EXERCISE PROMPT :: The answer must consist only of the lines from the line with "Брошь цветок из" to the line with "מכנס גטקס פלנל", both included, exactly as they stand below.
** DATA FOR REVIEW follows **
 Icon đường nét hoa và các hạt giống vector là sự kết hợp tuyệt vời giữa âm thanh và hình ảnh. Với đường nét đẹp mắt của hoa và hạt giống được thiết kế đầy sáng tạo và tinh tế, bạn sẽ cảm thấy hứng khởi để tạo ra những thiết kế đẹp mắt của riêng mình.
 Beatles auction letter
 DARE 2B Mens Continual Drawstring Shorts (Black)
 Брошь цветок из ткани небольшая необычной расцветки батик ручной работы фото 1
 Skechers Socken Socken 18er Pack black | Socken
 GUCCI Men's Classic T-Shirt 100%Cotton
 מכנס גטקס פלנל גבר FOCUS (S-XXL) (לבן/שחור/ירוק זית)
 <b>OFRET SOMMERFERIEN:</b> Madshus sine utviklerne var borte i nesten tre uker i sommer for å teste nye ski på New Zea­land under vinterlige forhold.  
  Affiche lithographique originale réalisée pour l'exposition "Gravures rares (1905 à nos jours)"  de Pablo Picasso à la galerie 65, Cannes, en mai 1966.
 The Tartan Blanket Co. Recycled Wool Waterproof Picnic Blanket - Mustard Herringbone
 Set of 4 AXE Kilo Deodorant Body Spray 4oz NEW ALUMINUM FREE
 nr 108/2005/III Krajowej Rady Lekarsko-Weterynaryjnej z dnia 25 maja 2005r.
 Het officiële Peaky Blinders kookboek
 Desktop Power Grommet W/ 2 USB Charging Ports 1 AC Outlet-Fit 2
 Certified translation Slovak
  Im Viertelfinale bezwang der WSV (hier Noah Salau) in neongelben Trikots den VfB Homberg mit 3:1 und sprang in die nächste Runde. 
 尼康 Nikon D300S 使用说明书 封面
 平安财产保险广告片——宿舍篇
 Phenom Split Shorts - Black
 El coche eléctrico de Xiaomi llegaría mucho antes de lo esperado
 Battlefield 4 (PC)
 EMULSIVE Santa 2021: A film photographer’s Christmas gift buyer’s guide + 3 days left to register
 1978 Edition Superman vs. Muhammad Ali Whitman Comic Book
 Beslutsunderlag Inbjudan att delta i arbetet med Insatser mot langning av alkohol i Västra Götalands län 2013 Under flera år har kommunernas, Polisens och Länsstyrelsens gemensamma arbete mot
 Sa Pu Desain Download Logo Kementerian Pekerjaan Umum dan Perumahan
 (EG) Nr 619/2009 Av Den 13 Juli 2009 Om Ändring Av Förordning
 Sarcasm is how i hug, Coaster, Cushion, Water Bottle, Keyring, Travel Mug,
** End of DATA FOR REVIEW **
FINISHED EXERCISE ::
 Брошь цветок из ткани небольшая необычной расцветки батик ручной работы фото 1
 Skechers Socken Socken 18er Pack black | Socken
 GUCCI Men's Classic T-Shirt 100%Cotton
 מכנס גטקס פלנל גבר FOCUS (S-XXL) (לבן/שחור/ירוק זית)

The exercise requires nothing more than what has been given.